Abstract:
In May 2020, French biotech firm Genfit delayed its Phase 3 NASH trial for elafibranor by 4-6 months due to slow patient recruitment, aiming to enroll 1,000 patients by Q1 2021. This highlights a common challenge in NASH R&D: despite its $20-30B market potential as the next major liver disease field post-HCV cure, trials struggle with low awareness of its asymptomatic early-stage risks, patient pool fragmentation from over 40 competing Phase 2/3 drugs, invasive liver biopsies, and lack of market education—ultimately rooted in insufficient recognition of NASH as a “smiling killer”.
Details:
French biotech company Genfit announced today that its Phase 3 RESOVLE-IT trial of its NASH drug elafibranor is slow to enroll patients. The recruitment speed of early patients is acceptable, but the enrollment progress of advanced patients is lower than expected. The trial is expected to be delayed by 4-6 months and will take the first quarter of next year to enroll 1,000 patients. This is another NASH leading product clinical trial progress blocked following Intercept’s OCA phase III clinical trial. NASH is considered the next major drug market with a huge patient population. Moreover, NASH has serious consequences and will become the primary risk of liver transplantation, so why are patients so negative in participating in clinical trials?
[Drug source analysis]: NASH is a specific manifestation of metabolic diseases in the liver. After the large-scale cure of hepatitis C, this may be the next most important liver disease market. The estimated potential market is 20-30 billion US dollars. With the gradual control of other chronic diseases such as cardiovascular and immune diseases, NASH, which has no approved drugs, has become the focus of many pharmaceutical companies. There are many projects under research, most of which come from small and medium-sized companies. But like other complex diseases, NASH may require combination therapy. One is that NASH may require the regulation of multiple mechanisms to alleviate the disease, and the other is that even if a single mechanism can improve the disease of some patients, the beneficiary population may be too small to be observed. But combination therapy allows patients who respond to different components to be superimposed, which is easier to observe. Therefore, it is difficult for a small pharmaceutical factory to fight alone, and a large pharmaceutical factory also needs growth points. These two factors have led to the frequent acquisition of NASH assets by major pharmaceutical companies recently. Novartis, Pfizer, Gilead, Allergan, etc. have acquired more than one NASH drug in the past two years.
Another area where multi-drug collaboration is needed is in promoting the risks of NASH. Because there are no products on the market, no manufacturer is willing to invest heavily in publicizing the risks of NASH. This is a major factor in the difficulty of recruiting patients for NASH clinical trials.

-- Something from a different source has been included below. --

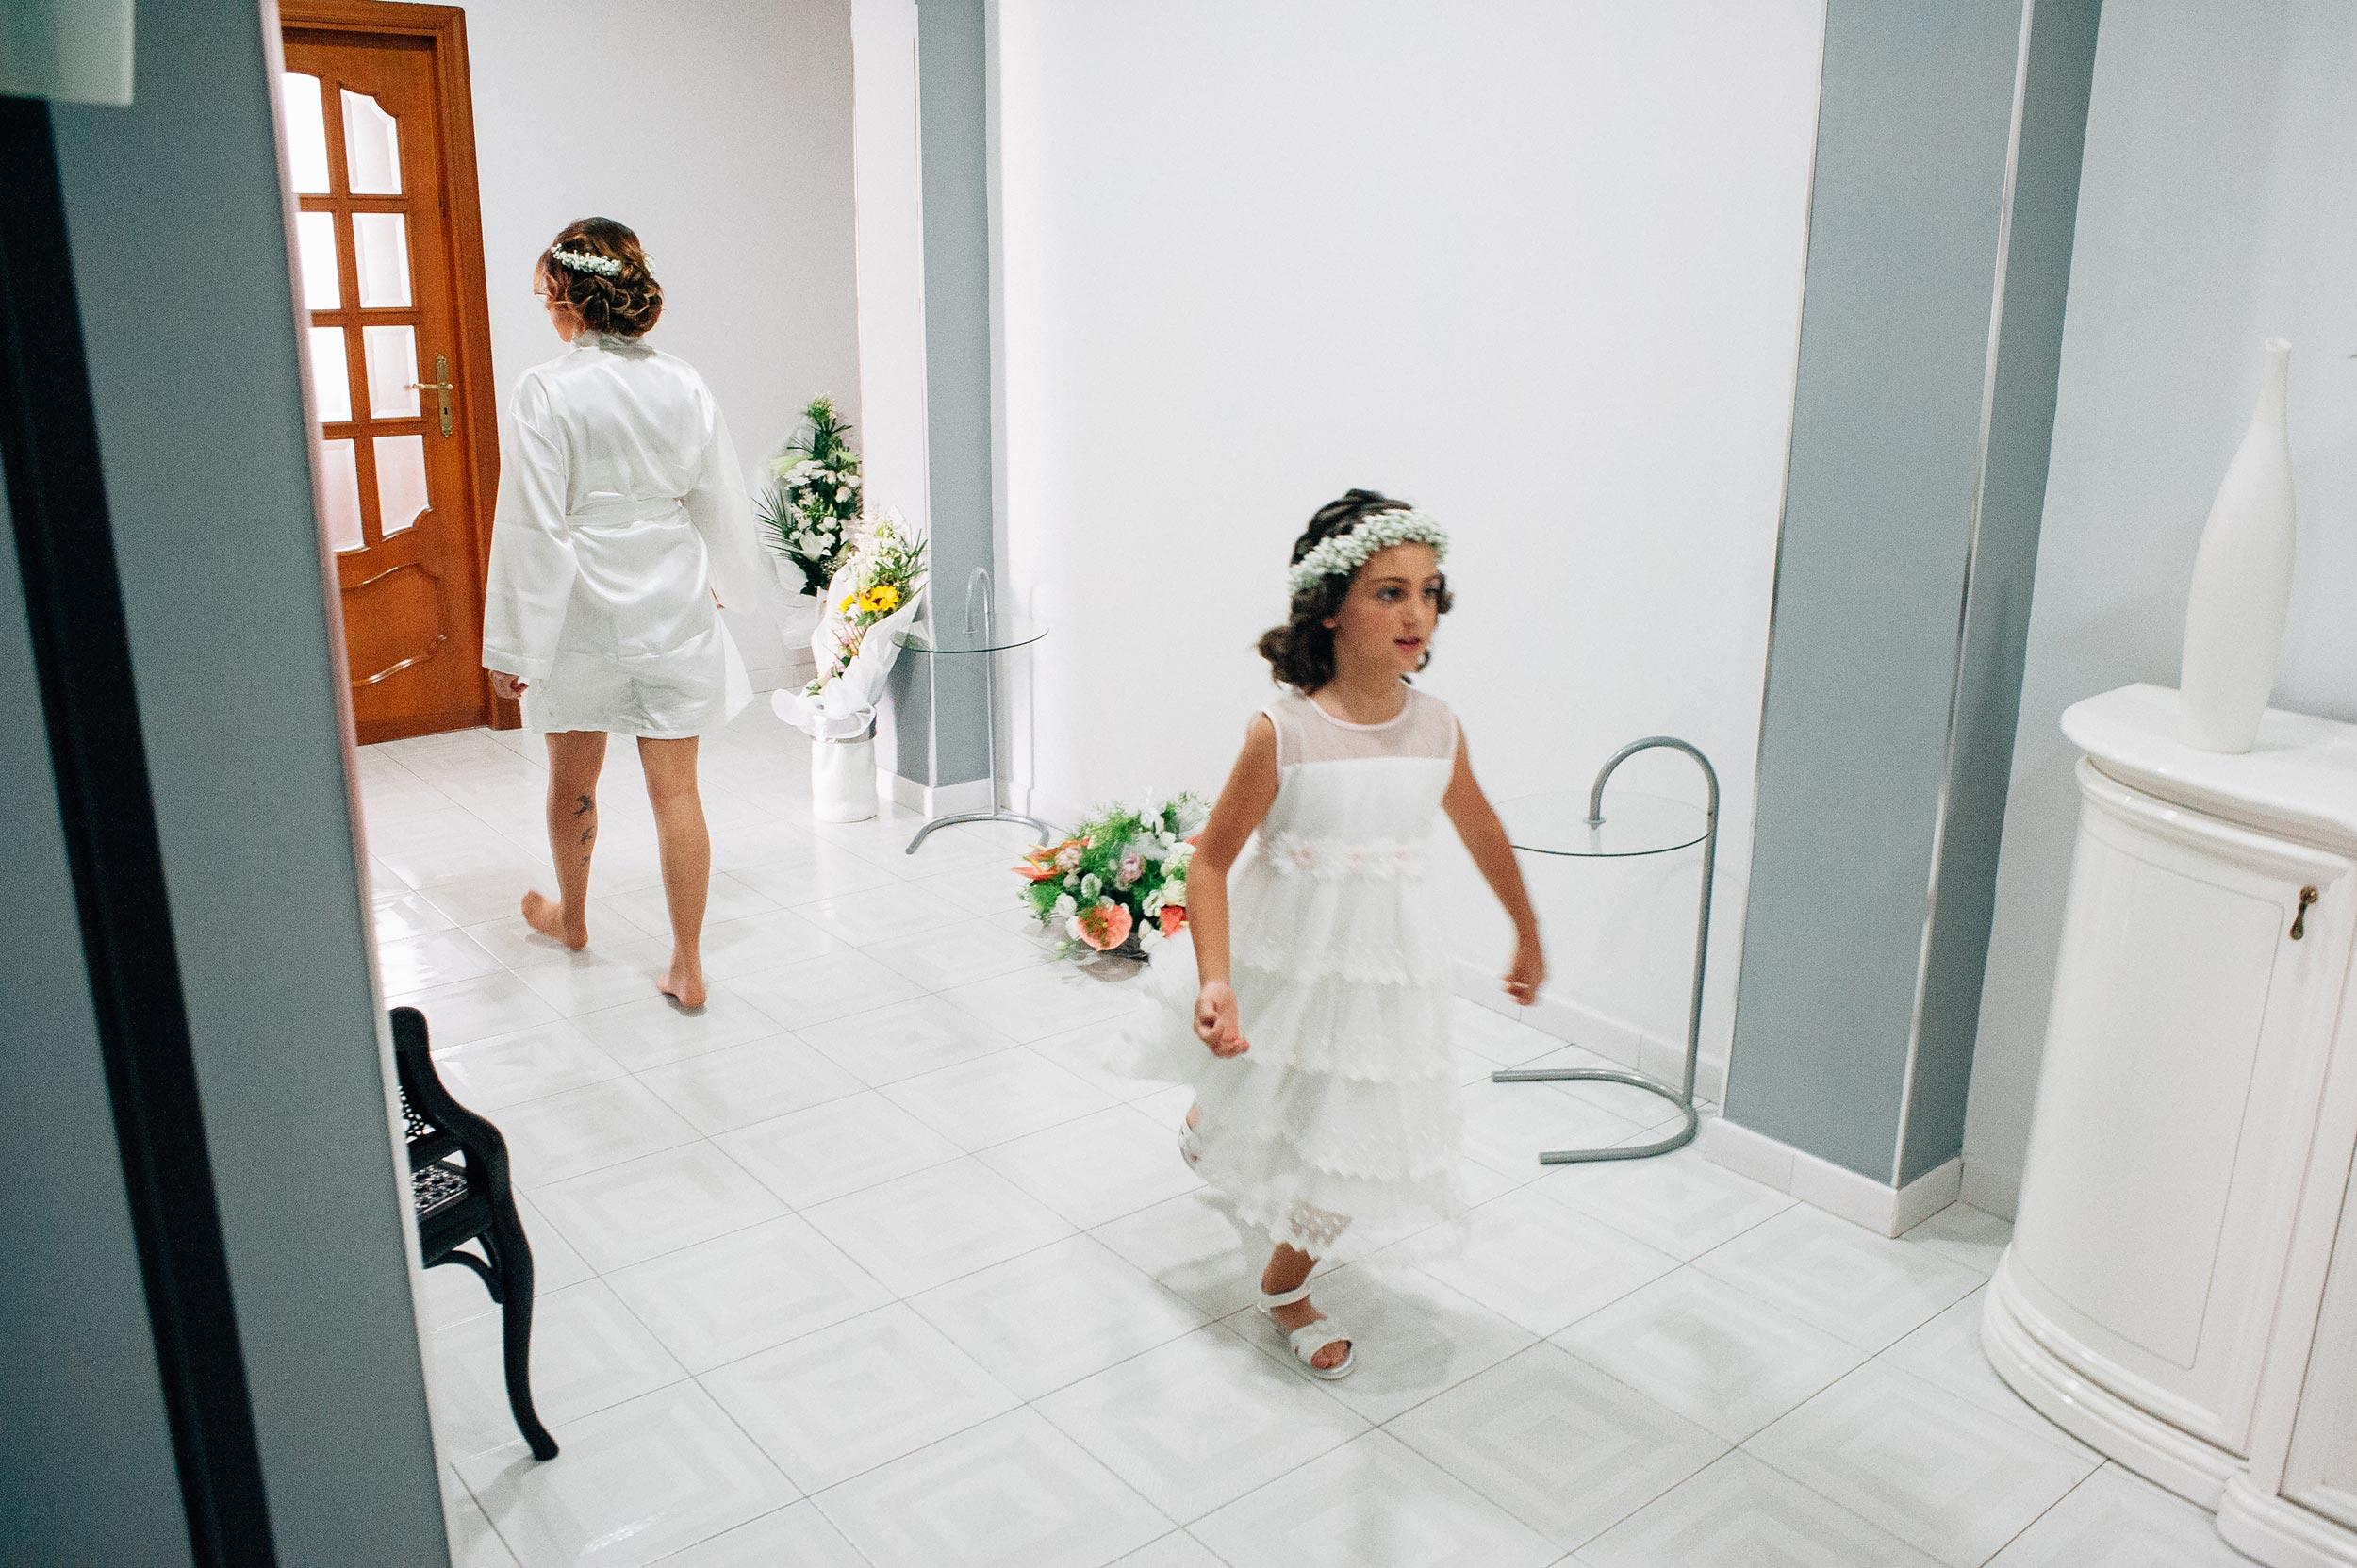 2016-Claudio-Teresa-Naples-Wedding-Photographer-Italy-Alessandro-Avenali-16.jpg

The establishment of a new drug market is often not only determined by the number of patients, especially for early asymptomatic diseases. Although NASH will eventually lead to liver fibrosis and cirrhosis, there are no obvious symptoms in the early stage, and it does not affect the lives of patients every day like skin diseases and eye diseases. This is similar to high blood pressure and high blood fat. Although it is a potential killer, it is not hideous. Anyone with abnormal blood pressure and blood lipids now knows that they should take drugs to control these diseases, but this market has not always existed, but has been established after years of hard work by many large and small pharmaceutical companies.

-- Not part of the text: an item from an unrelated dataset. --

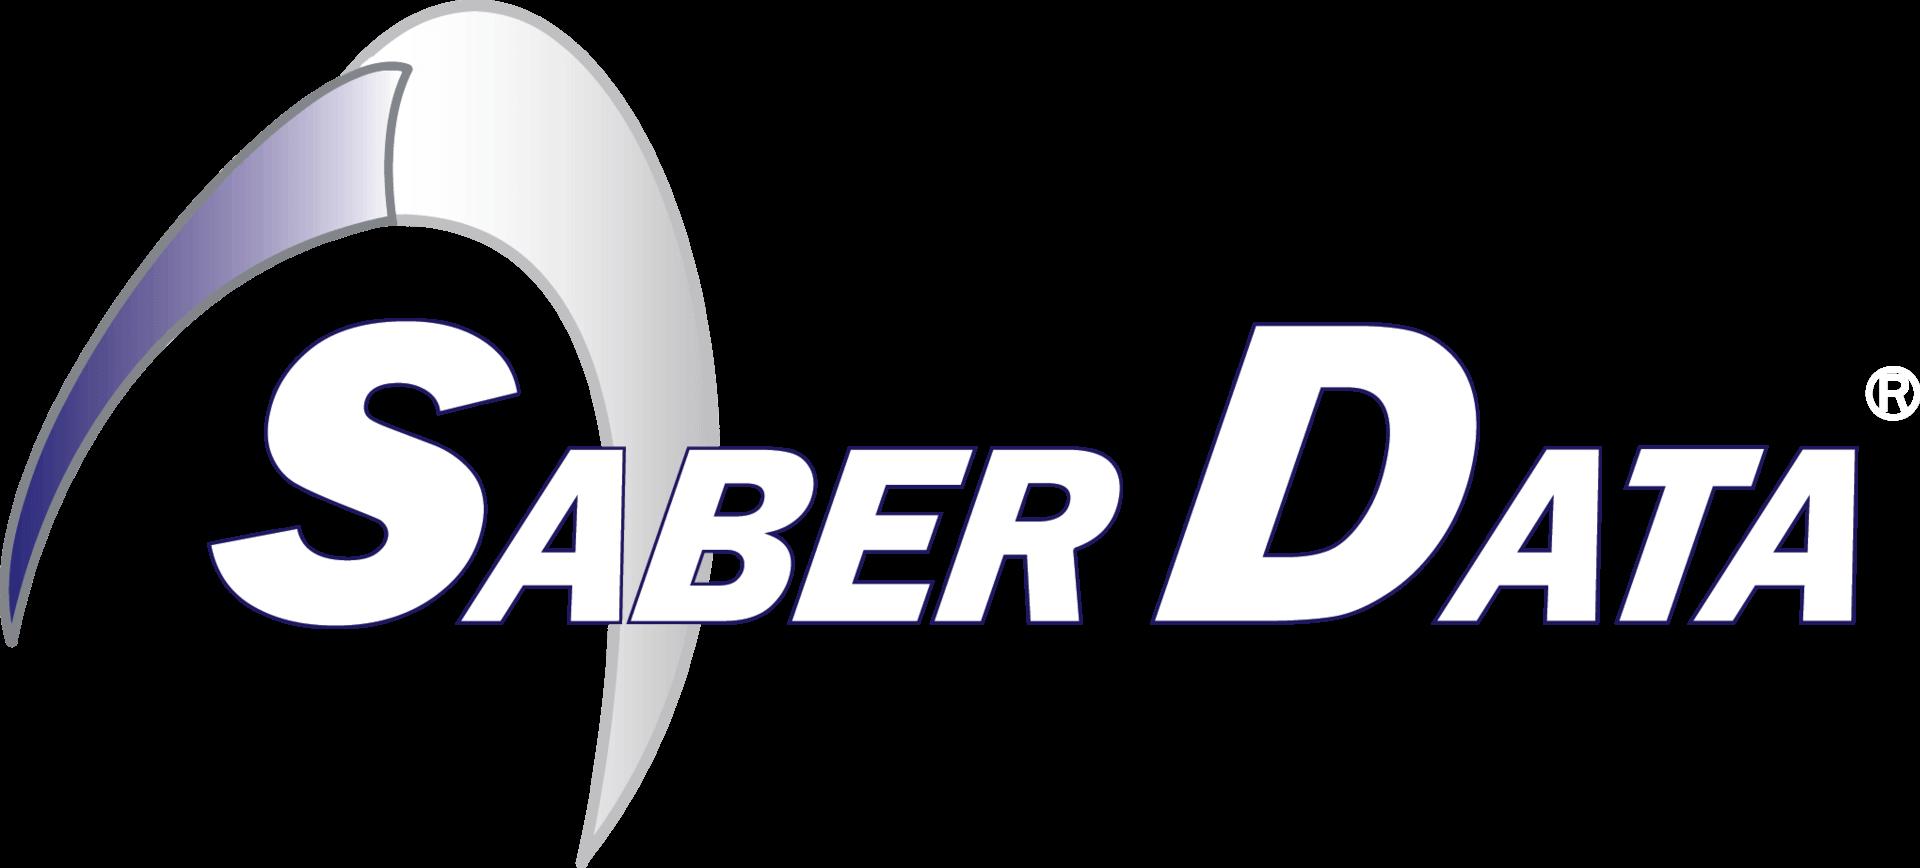 TyRex Logo: Saber Data - White

Another factor is that there are many products under research and the number of clinical trials is increasing rapidly. Now there are more than 40 drugs with different mechanisms in the second and third phases of clinical research. There is no clear winner for these drugs under investigation, so everyone can only divide the participating patients equally. In addition, the most important indicator of NASH drug listing is to improve fibrosis, so many trials require the extraction of liver tissue, which is also an obstacle.

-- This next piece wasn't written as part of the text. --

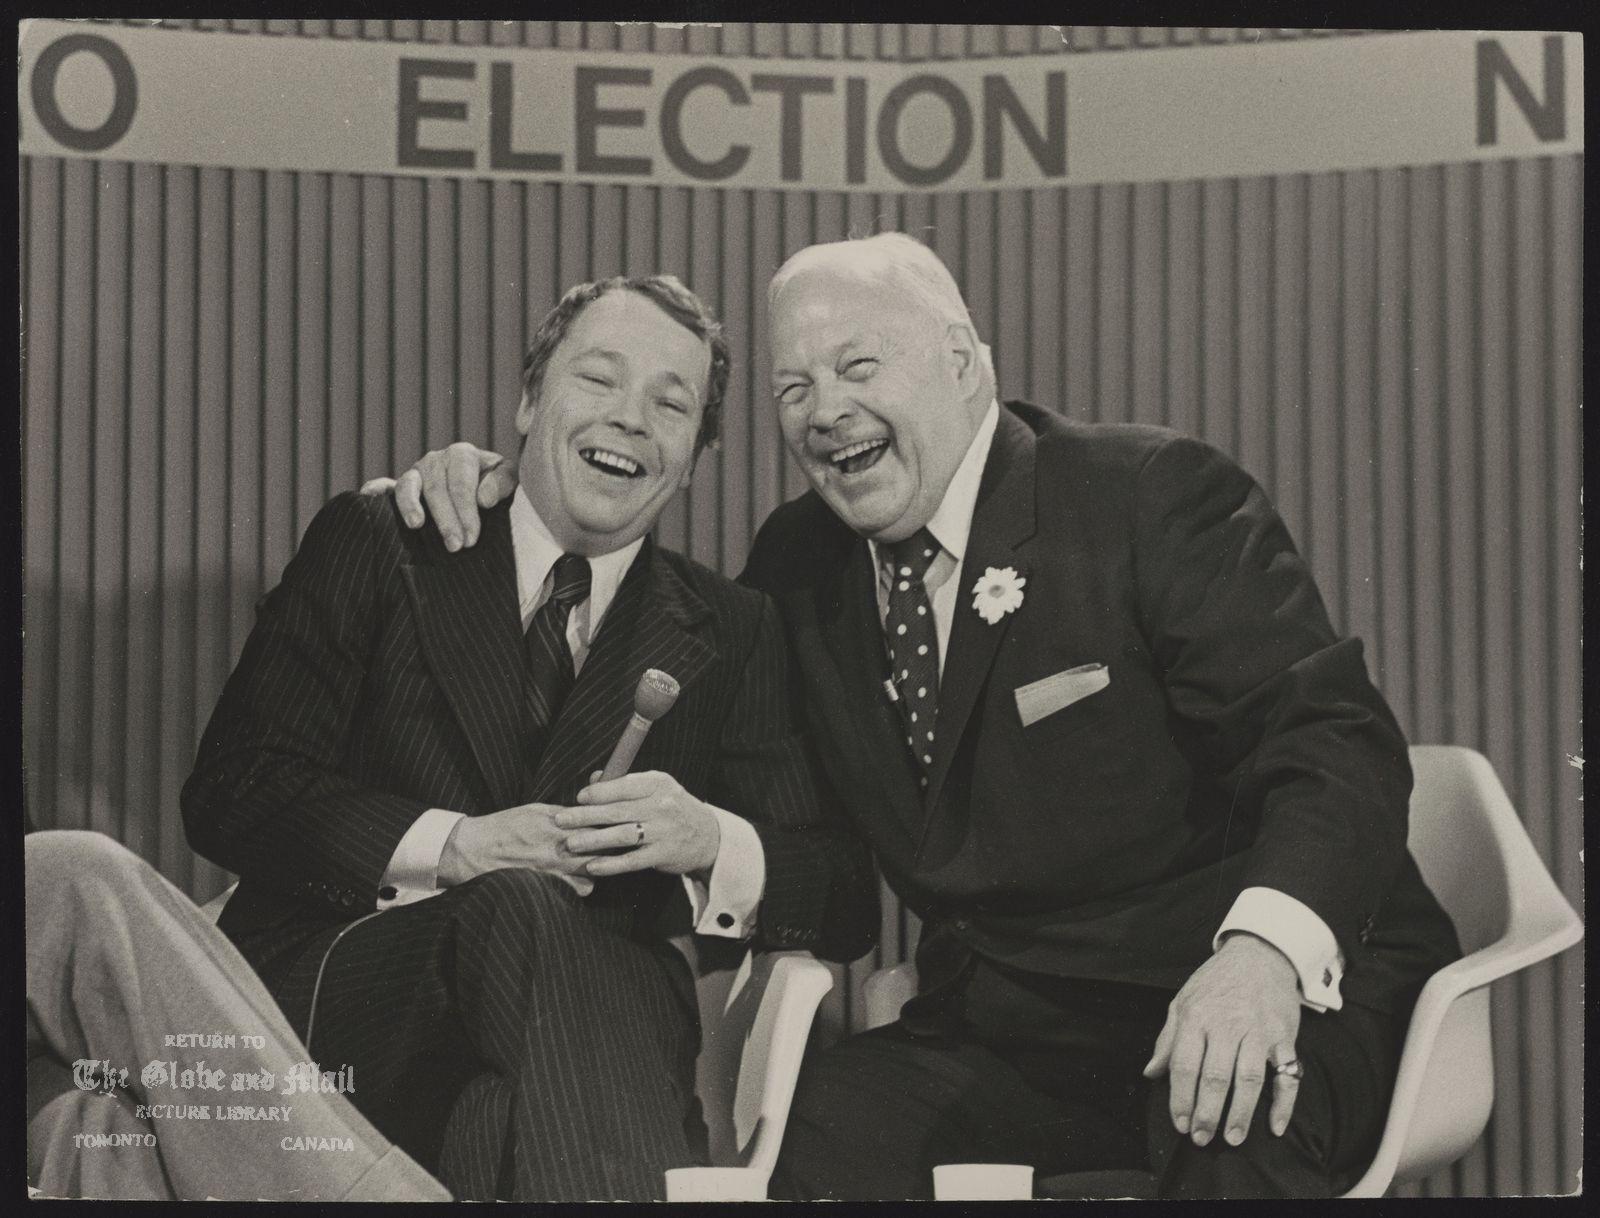 David CROMBIE Toronto. Politician with Allan Lamport

Although the hard data obtained from scientific research is the ultimate evidence to convince patients and doctors, marketing promotion is equally important. Many people think that marketing is to help pharmaceutical companies sell drugs, but this view is not comprehensive. Marketing is no different from selling drugs, but drug advertising is the most strictly regulated type of advertising and must be strictly based on scientific data. Therefore, drug marketing is more about letting patients and doctors understand the true value of drugs. If patients do not know the risk of NASH, they will naturally not use NASH drugs. Although pharmaceutical companies will lose sales as a result, patients may pay a greater price. The slow recruitment of patients for NASH clinical trials is not because there are not many NASH patients, but because there are limited patients who know the danger of this smiling killer.